Шрифт:
Поспешим отметить, что мы понимаем под юмором развитие определенного иронического знания (в духе немецкой иронии), в общем характерное для эволюции современного духа. [78] Пока еще трудно дать ему точное определение. Театр «Альфред Жарри», сталкивая друг с другом комические, трагические и прочие ценности, взятые в чистом виде или же в их взаимосвязи, ставит себе совершенно четкую цель: экспериментально уточнить понятие юмора. Излишне напоминать, что другие провозглашаемые нами идеи, вытекающие из соответствующего понятия юмора, тоже причастны его духу и было бы ошибкой судить о них с точки зрения логики.
78
Трагикомическое восприятие мира, присущее Арто, наиболее всеохватывающе отразило мироощущение XX века, воплотившись в творчестве многих художников — от Поля Клоделя и Михаила Булгакова до Джеймса Джойса и Эжена Ионеско. Характерно, что Арто отталкивается от немецкой романтической иронии, которая послужила основой творчества Германа Гессе, внутренне близкого исканиям Арто. Во всяком случае, Магический театр Гарри Галлера из «Степного волка», ироническое осмеяние непререкаемых авторитетов Моцарта и Гёте, описание театральных действ, увиденных во сне, позволяет обнаружить родственные корни Гессе и Арто.
НЕКОТОРЫЕ ЗАДАЧИ ТЕАТРА «АЛЬФРЕД ЖАРРИ». Всякий уважающий себя театр умеет извлекать пользу из эротизма. Общеизвестны его разумные дозы для бульварных увеселений, мюзик-холла и кинематографа.

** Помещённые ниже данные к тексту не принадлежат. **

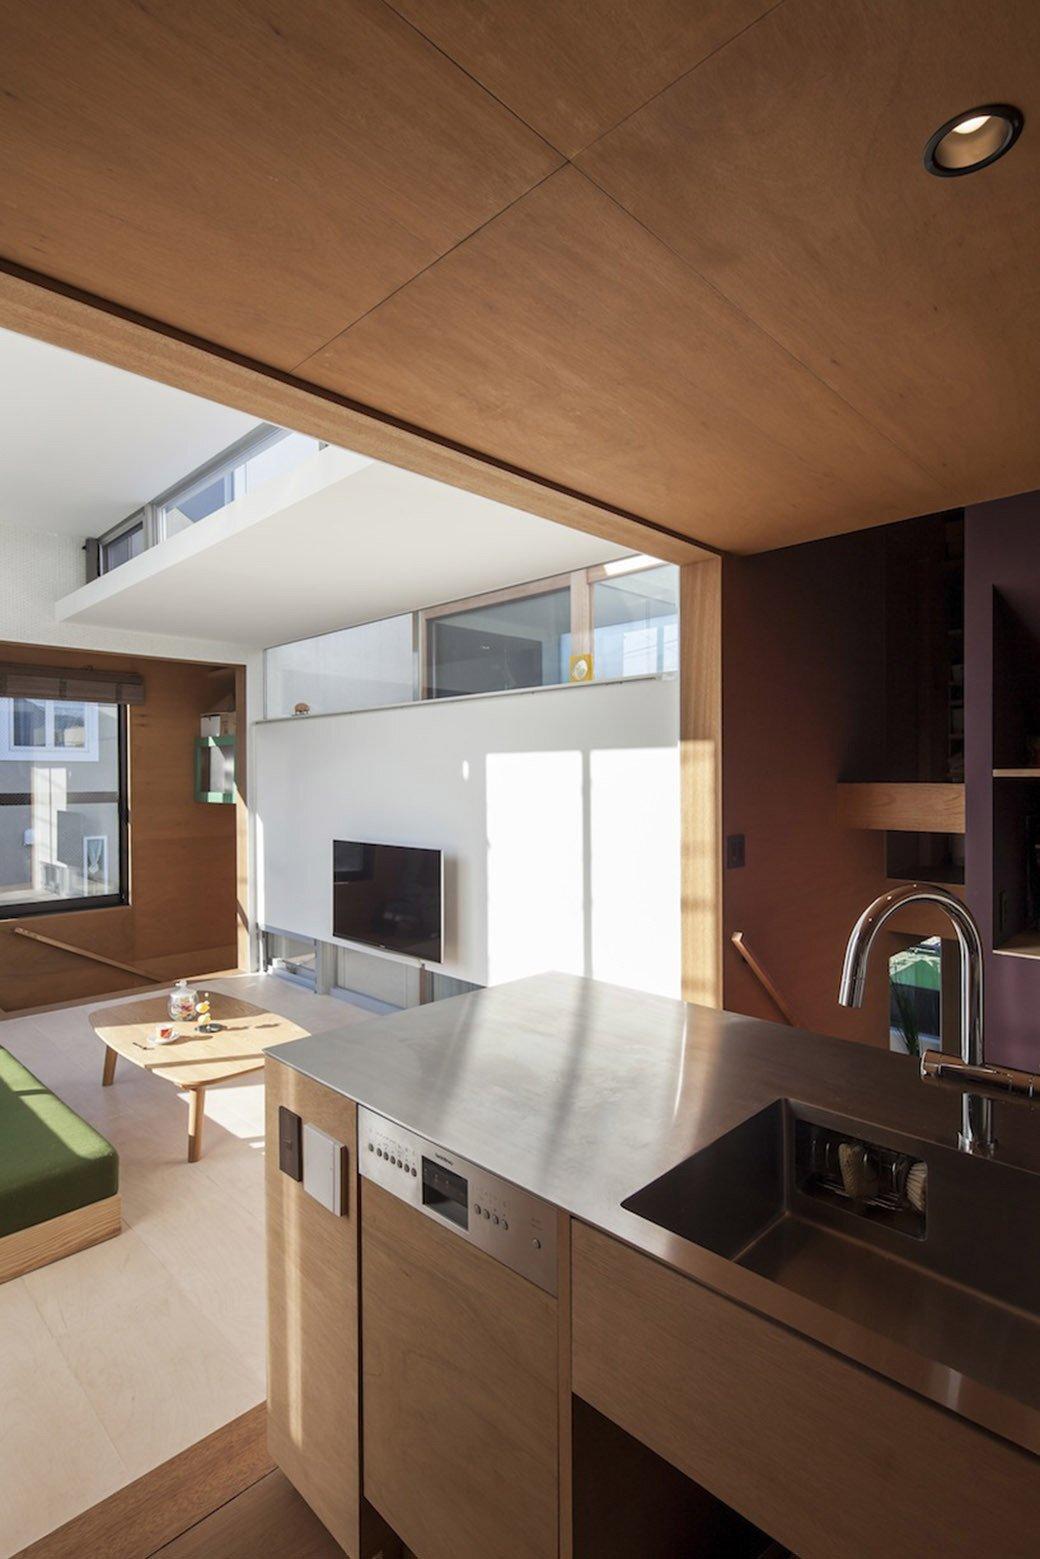 SEPA - Small House -S Shintaro Matsushita + Takashi Suzuk - Japan - Kitchen - Humble Homes

Театр «Альфред Жарри» намерен продвигаться в этом направлении как можно дальше. Он обещает достичь большего с помощью средств, которые предпочитает держать в тайне. Более того, помимо чувств, которые он прямо или косвенно будет вызывать, таких, как радость, страх, любовь, патриотизм, соблазн преступления и т. д. и т. п., он сделается специалистом по одному чувству, с которым ни одна полиция в мире не в состоянии что-либо сделать: это чувство стыда, последнее и самое опасное препятствие к свободе. [79]
79
Свобода, в которой Арто видит смысл творчества и человеческого существования, понимается им в ницшеанском смысле. Понятие «стыда» не раскрывается Арто, однако ясно, что речь идет о той же проблеме, которая становится центральной в поздних пьесах X. Ибсена («дюжая совесть»), А. Стриндберга, К. Гамсуна, Г. Гауптмана, в творчестве многих художников начала XX века. Речь идет о проблеме сверхчеловека, для Арто это формирование нового свободного сознания.

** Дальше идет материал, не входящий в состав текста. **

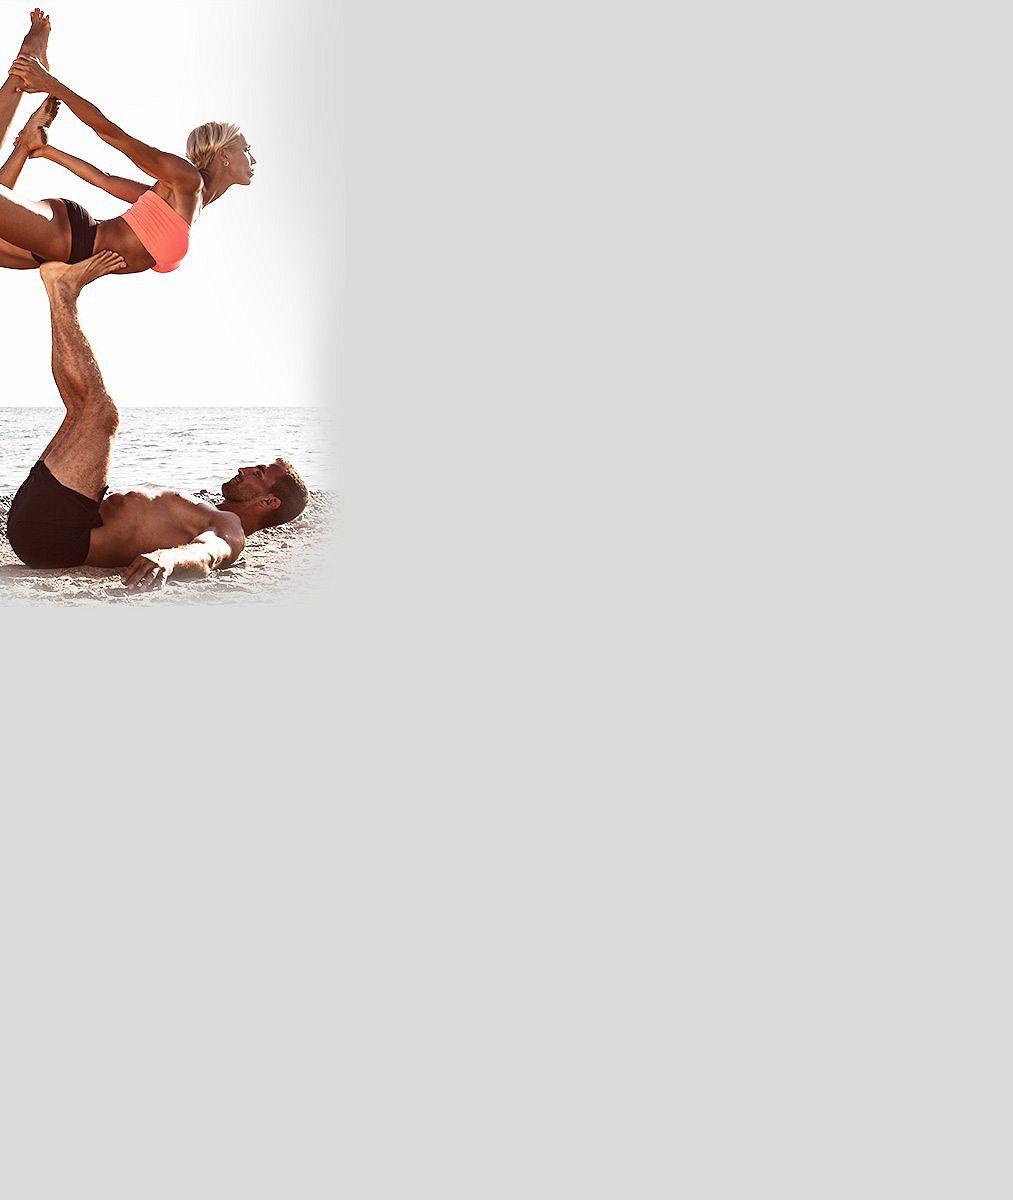 Tělo na tělo vkrkolomných pozicích. Co má sexbomba Mašlíková stímhle nebezpečně vyhlížejícím svalovcem?

Театр «Альфред Жарри» намерен отказаться от всего, что так или иначе связано с суевериями, как, например, религиозные, патриотические, оккультные, поэтические и т. п. чувства. [80] Он допускает их лишь для того, чтобы изобличить и опровергнуть. Он принимает только поэзию фактическую (la poesie de fait), [81] чудесное, но в человеческом масштабе (le merveilleux humain), т. е. свободное от всяких религиозных, мифологических и сверхъестественных связей, и юмористическое — единственную позицию, совместимую с достоинством человека, раскачивающегося, как на качелях, между полюсами трагического и комического.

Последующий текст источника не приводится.